A statute which by its terms provides for its coming into effect immediately upon approval thereof, is properly interpreted as
coming into effect immediately upon publication thereof in the Official Gazette as provided in Article 2 of the Civil Code. Such
statute, in other words, should not be regarded as purporting literally to come into effect immediately upon its approval or
enactment and without need of publication. For so to interpret such statute would be to collide with the constitutional obstacle
posed by the due process clause. The enforcement of prescriptions which are both unknown to and unknowable by those
subjected to the statute, has been throughout history a common tool of tyrannical governments. Such application and enforcement
constitutes at bottom a negation of the fundamental principle of legality in the relations between a government and its people.

At the same time, it is clear that the requirement of publication of a statute in the Official Gazette, as distinguished from any
other medium such as a newspaper of general circulation, is embodied in a statutory norm and is not a constitutional command.
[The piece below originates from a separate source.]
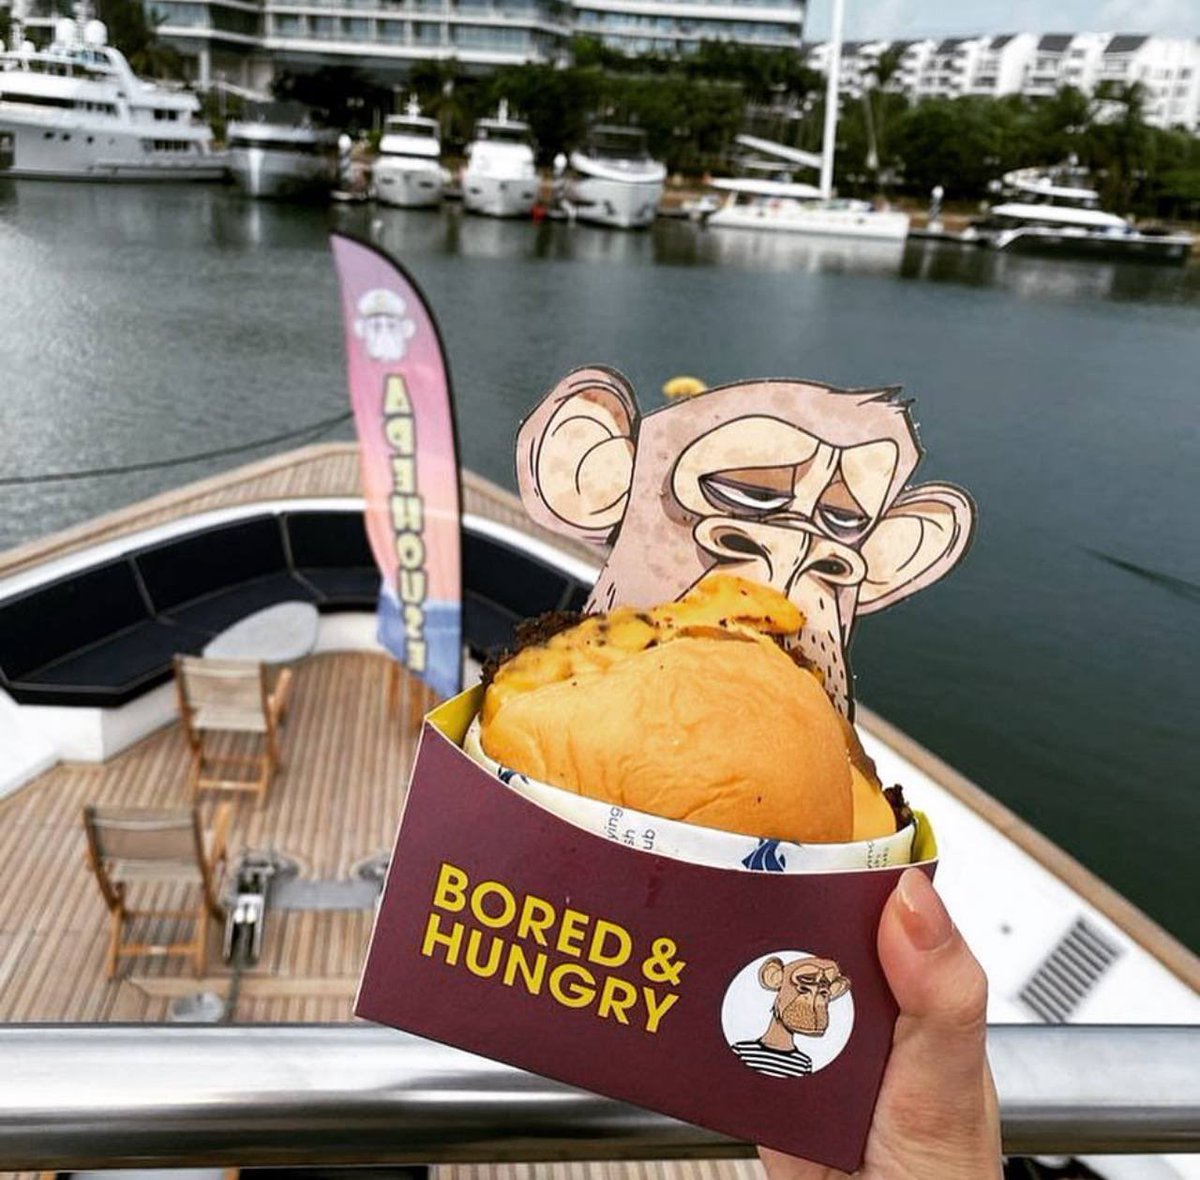 Bored & Hungry closed our lone store in the US and monke jpeg fudders had a field day on it without talking about these: 🍔 @BoredHungryAsia now has 4 stores in Asia (3 in PH, 1 in KR) 🍔 We also did major pop-ups in key Asian markets: SG, HK, & now, Dubai Stay Bored & Hungry

The statutory norm is set out in Article 2 of the Civil Code and is supported and reinforced by Section 1 of Commonwealth Act
No. 638 and Section 35 of the Revised Administrative Code. A specification of the Official Gazette as the prescribed medium of
publication may therefore be changed. Article 2 of the Civil Code could, without creating a constitutional problem, be amended
by a subsequent statute providing, for instance, for publication either in the Official Gazette or in a newspaper of general
circulation in the country. Until such an amendatory statute is in fact enacted, Article 2 of the Civil Code must be obeyed and
publication effected in the Official Gazette and not in any other medium.